(What the exercise asks): Leave out the pictures, and reproduce exactly the lines from the line containing "XENON LED Wandleuchte" through the final line of the entries.

Entries taken from a collection:
=== Begin Enclosure ===

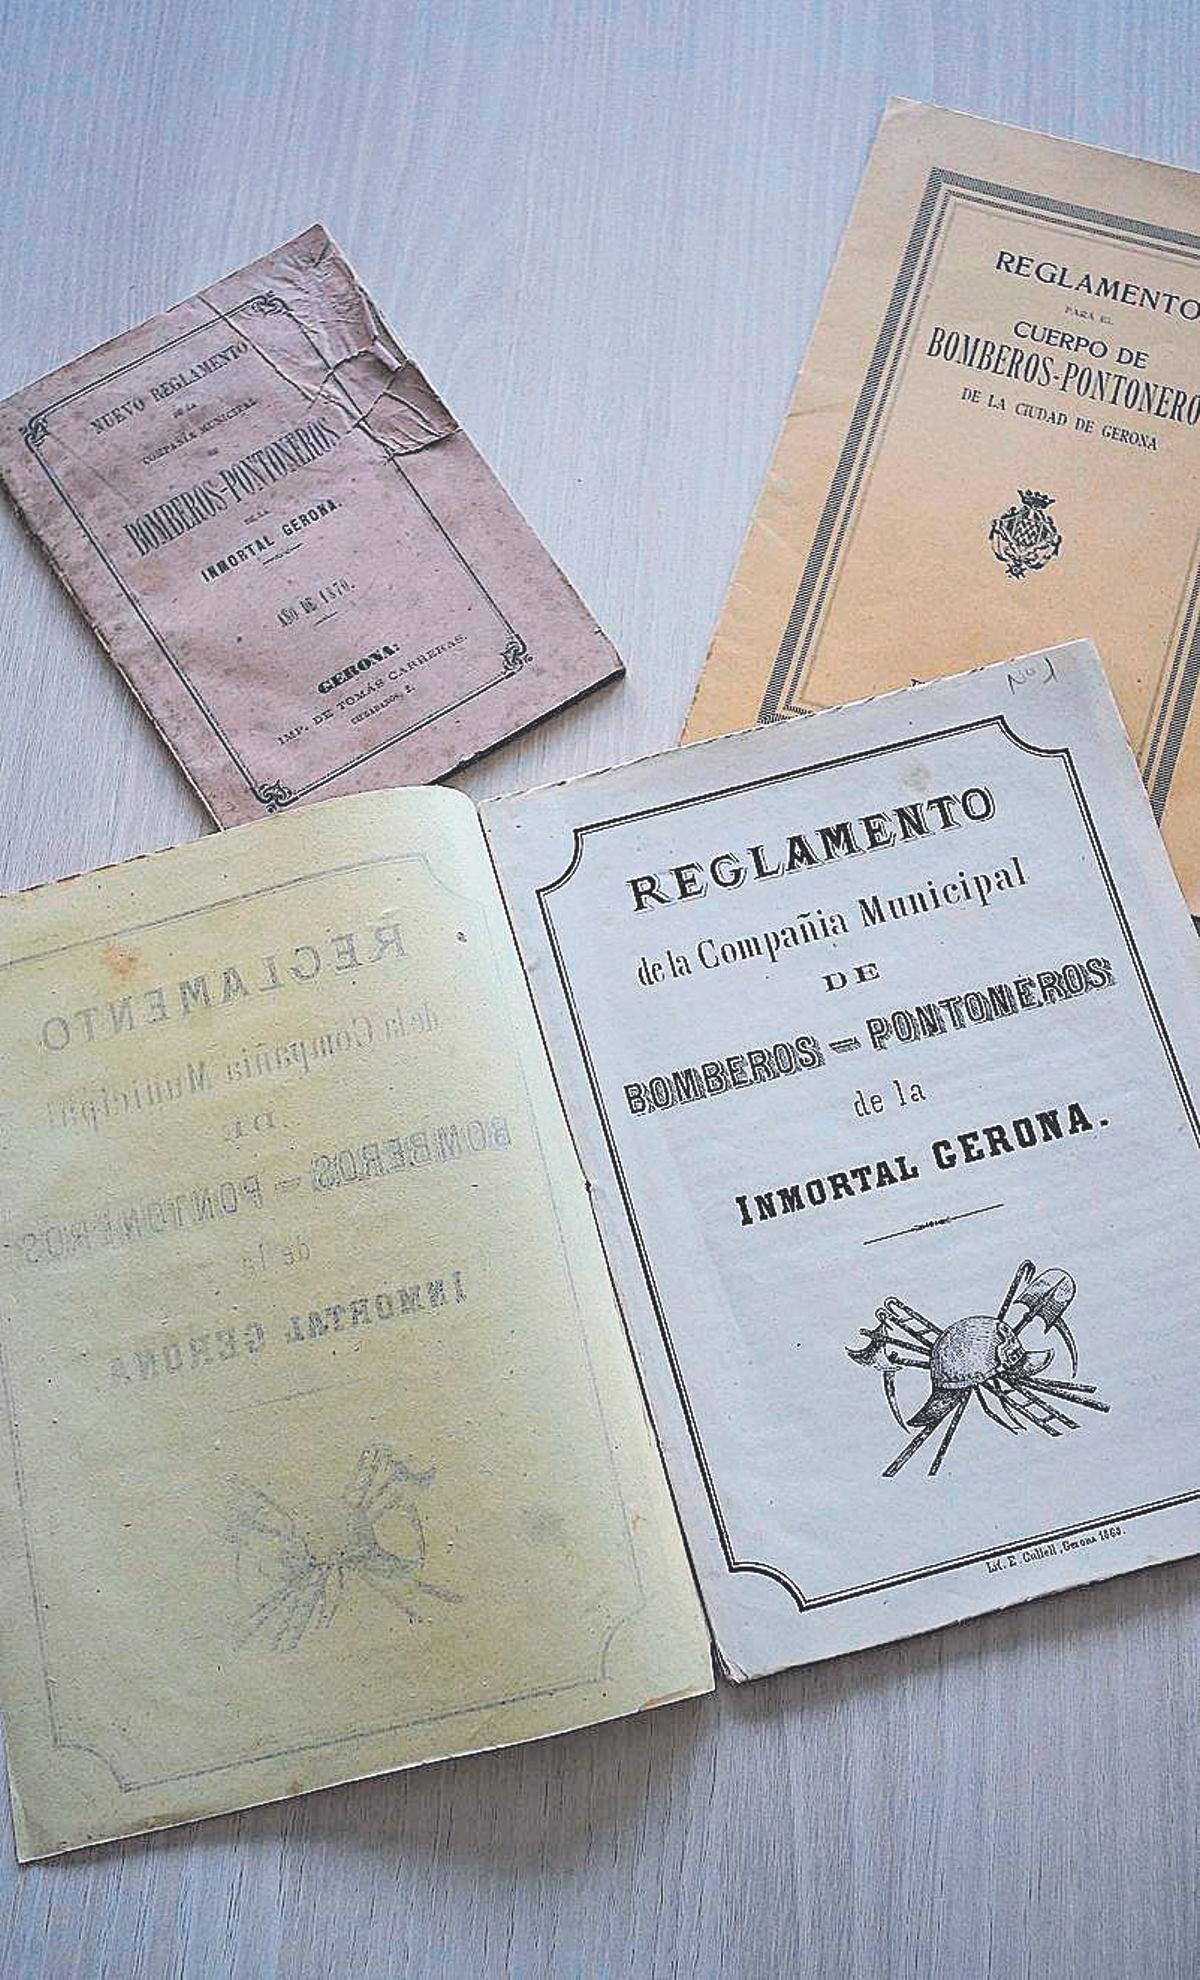 Els Reglaments dels bombers de Girona recopilats pels historiadors.
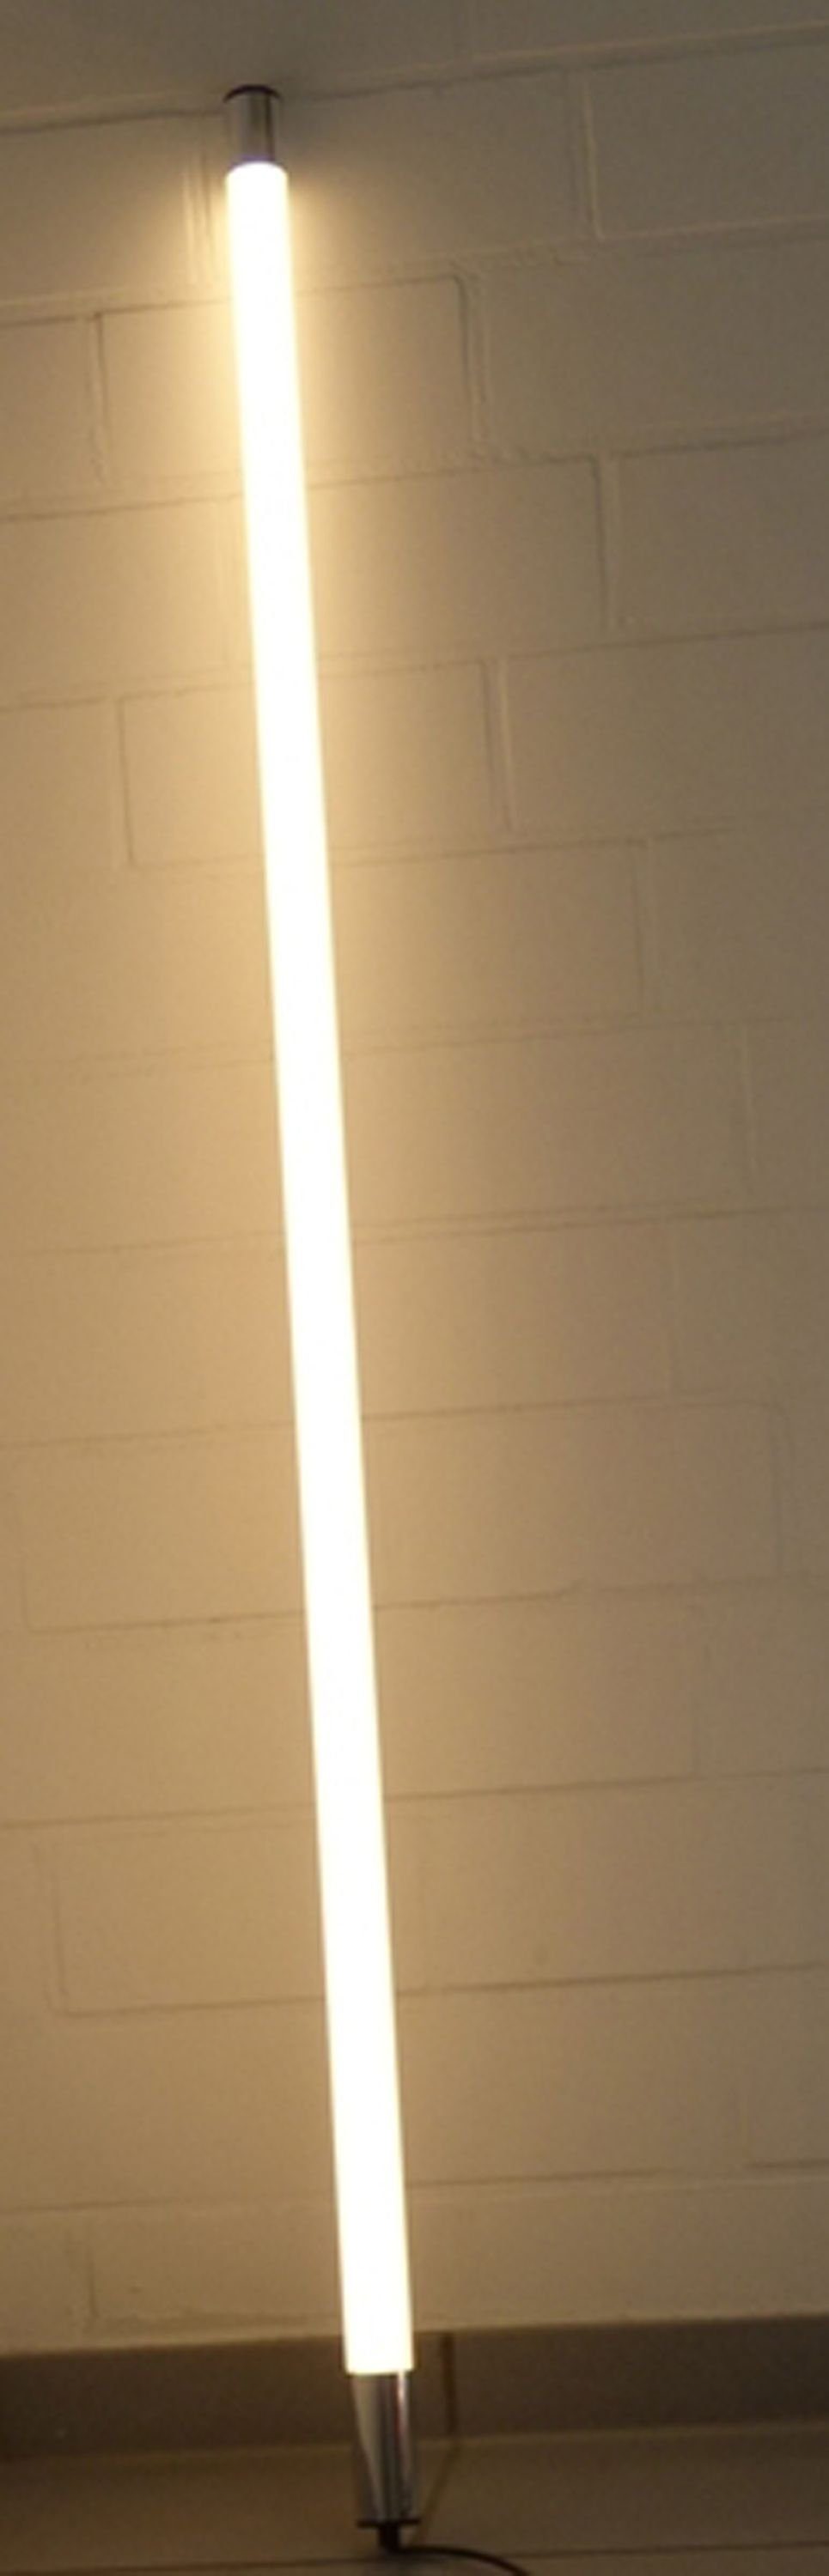 XENON LED Wandleuchte LED Leuchtstab Satiniert 1,23m Länge 1700 Lumen IP44 Außen Warm Weiß, LED Röhre T8, Xenon Warm Weiß
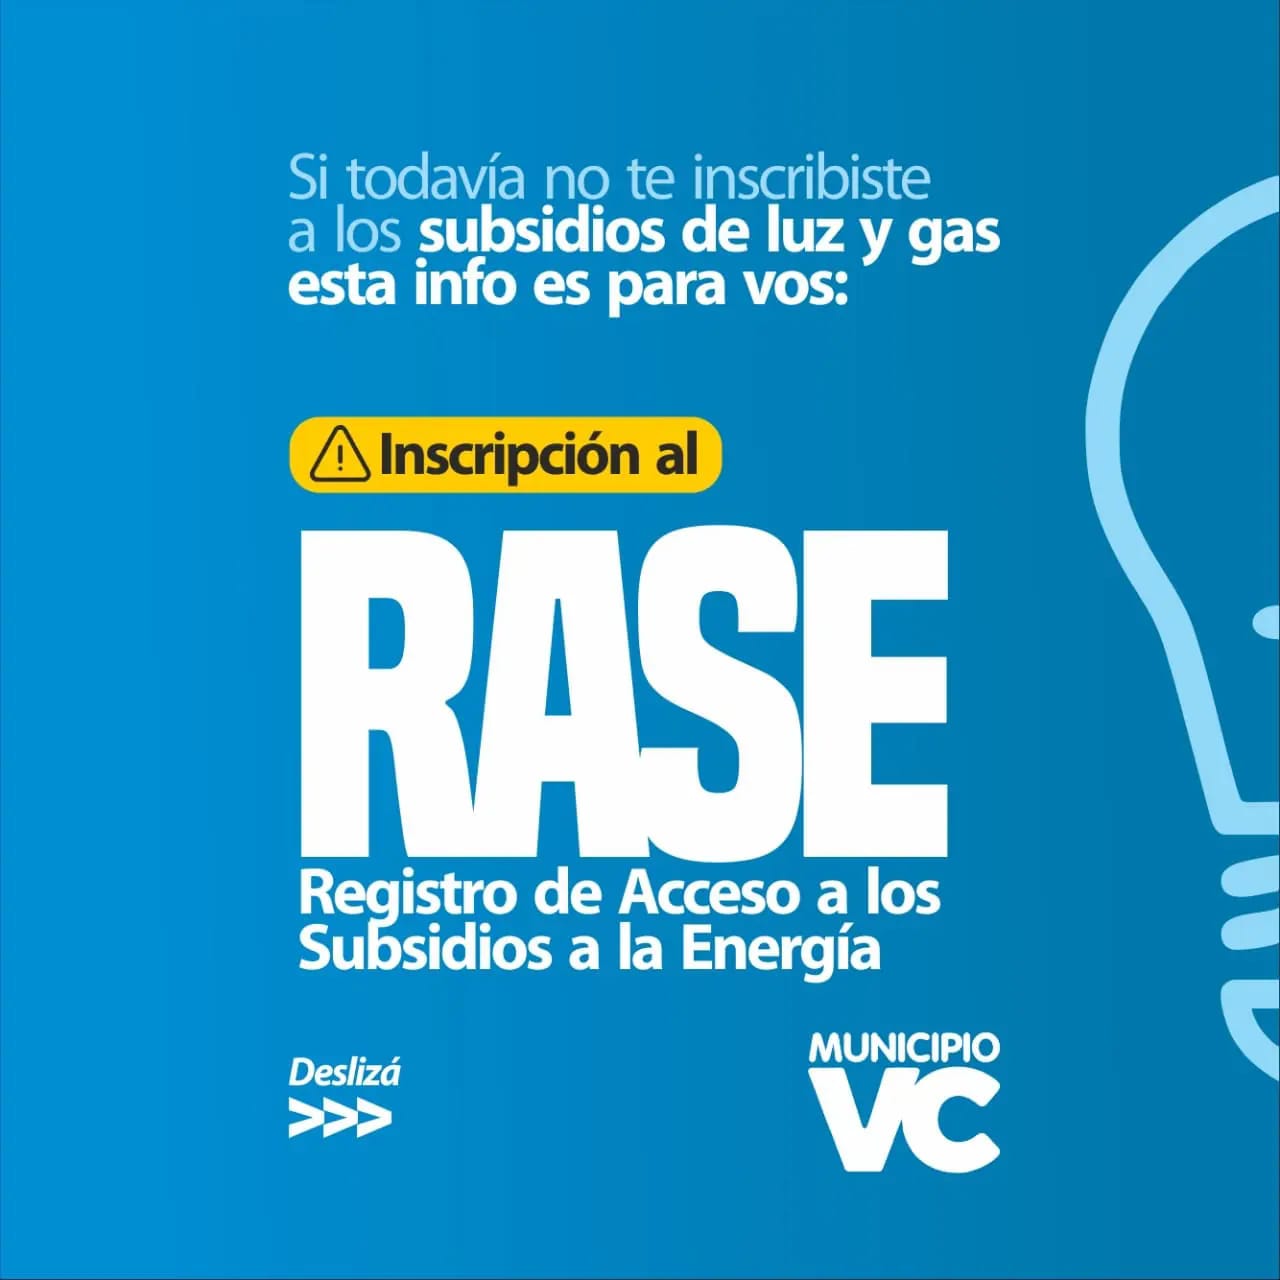 Inscripción al REGISTRO DE ACCESO A SUBSIDIOS DE ENERGÍA (RASE) DE LUZ Y GAS.
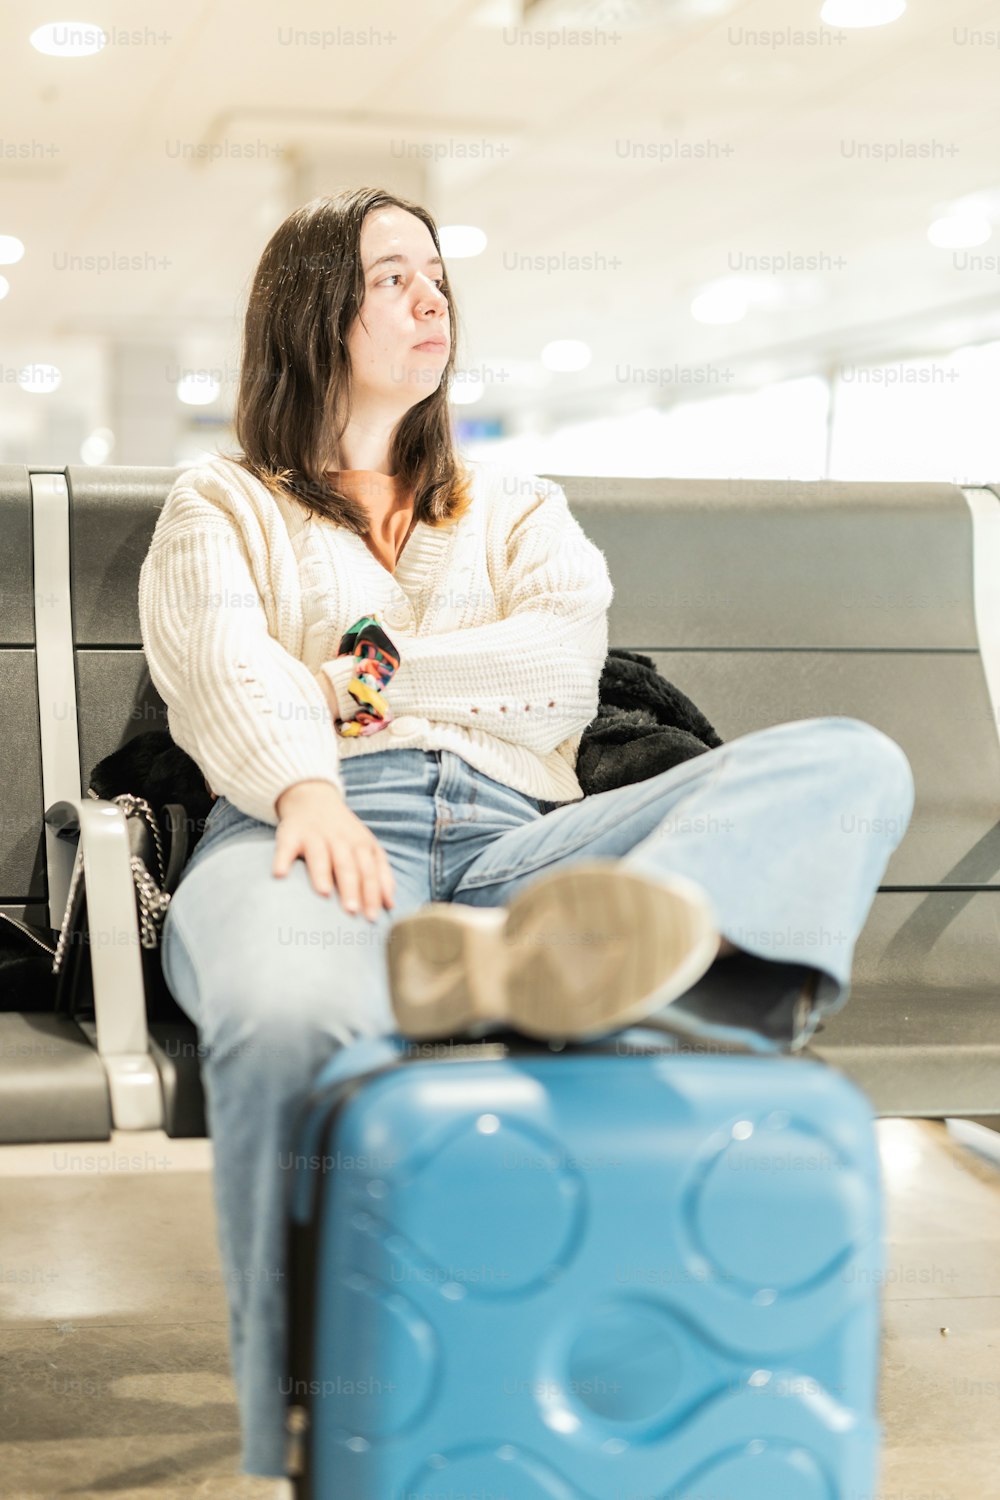 Eine Frau sitzt auf einer Bank neben einem blauen Koffer
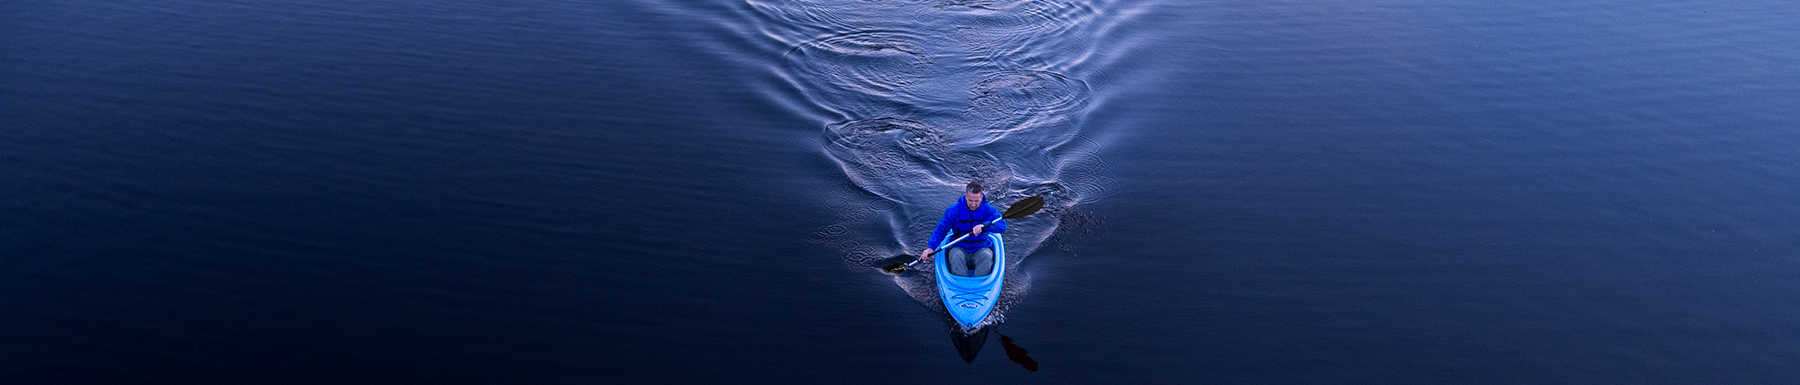 Hombre en kayak azul remando

=== End Enclosure ===

(Written response):
 XENON LED Wandleuchte LED Leuchtstab Satiniert 1,23m Länge 1700 Lumen IP44 Außen Warm Weiß, LED Röhre T8, Xenon Warm Weiß
 Inscripción al REGISTRO DE ACCESO A SUBSIDIOS DE ENERGÍA (RASE) DE LUZ Y GAS.
 Eine Frau sitzt auf einer Bank neben einem blauen Koffer
 Hombre en kayak azul remando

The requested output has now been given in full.